2018-05-19 20:16:08 | 日記
 (1)裁判員裁判(trial of civil judgement)のことがあまり話題にならなくなって社会に定着したのか、施行9年を迎えて裁判員の辞退率が年々上昇し17年は66.0%に達し、18年3月での統計で69.6%と高い確率となっている。
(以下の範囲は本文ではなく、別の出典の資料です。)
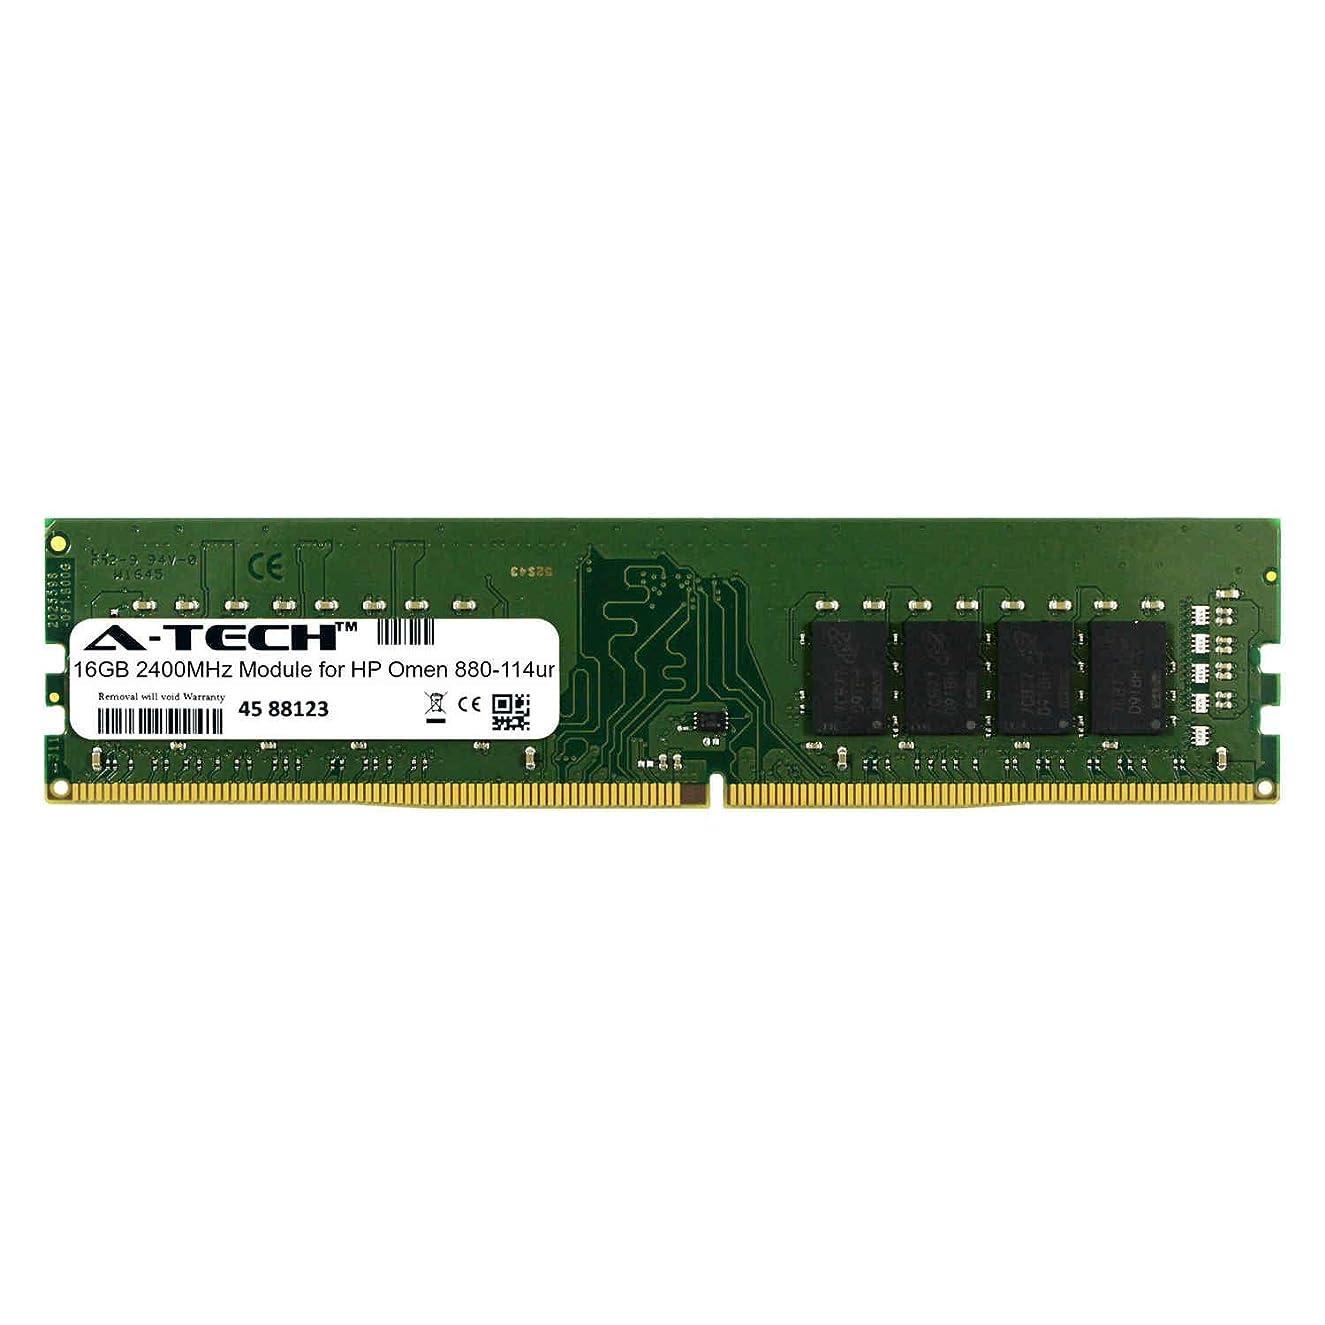 A-Tech 16GB Module for HP Omen 880-114ur Desktop & Workstation Motherboard Compatible DDR4 2400Mhz Memory Ram (ATMS282726A25822X1)

 (2)70%近くが辞退する制度というのは、制度として成り立たなく見直しが求められる。当初、裁判判決に市民感情を取り入れるとして実は裁判官の裁判かけもちの不足を補う制度として導入されたものだが、裁判員裁判の判決が専門裁判官の上級審で否決されるなど司法制度の趣旨、実効性に自己矛盾の問題も出ていた。

 (3)日本は儒教思想に根差した社会思想国家としてかっては父権社会が基盤となっており、社会、市民が裁判で正義を守るという理念、理想になく、市民が社会正義の実行者、歴史の米国社会の陪審員制度のように定着するのはむずかしく、むしろ日本では市民が参加する検察審議会制度の方が国民性、社会性に合っていると書いたが、70%近くが辞退する裁判員裁判というのは完全に機能性を失っている。

 (4)裁判官の育成強化を目指した法科大学院は定員不足が続いて維持できない大学も多く、法科大学院の取りやめも続いて目的が実現できずに裁判官育成強化の方針が崩壊している。

 国会、政治では特定秘密保護法に安保法制、共謀罪に1票の格差、憲法改正と国民の権利、生活に影響力の大きい重要な敏感な(sensitive)政策問題が続いており、国民の権利、生活を守るための司法の判断が求められる機会も増す中で、裁判官の充実にここにきての裁判員裁判の役割も重要性を増している。

 (5)裁判員裁判は国、政治の政策に対する司法判断にこそ必要なものであり、これに限定して実施することが趣旨、目的に添うものだ。そもそも裁判の特質性から裁判員に守秘義務を課せられるというのも精神的負担も大きく、パラドックス(paradox)として健康上の問題で裁判員が精神的苦痛を理由に裁判に現状回復を訴えるという事例もみられる。

 (6)こうなるとどういう意味、趣旨、目的の裁判員裁判制度なのか、制度対策、見直しが必要だ。裁判官の充実強化のために将来に及ぶ身分保障の強化を進め、教育制度も充実する政策が必要だ。

 日本社会の成り立ちから専門裁判官による司法制度は基本として、裁判員は政治、政策、経済問題に限定して実施するのが理想だろう。

 (7)そのほかは市民参加による検察審査会制度での国民感情をいかした判断が適切な方法論(methodology)だ。
 裁判が国民にとって身近なものとなるのは社会正義の論理から間違いではないが、日本の社会思想、文化に合った方法論でなければ機能しない。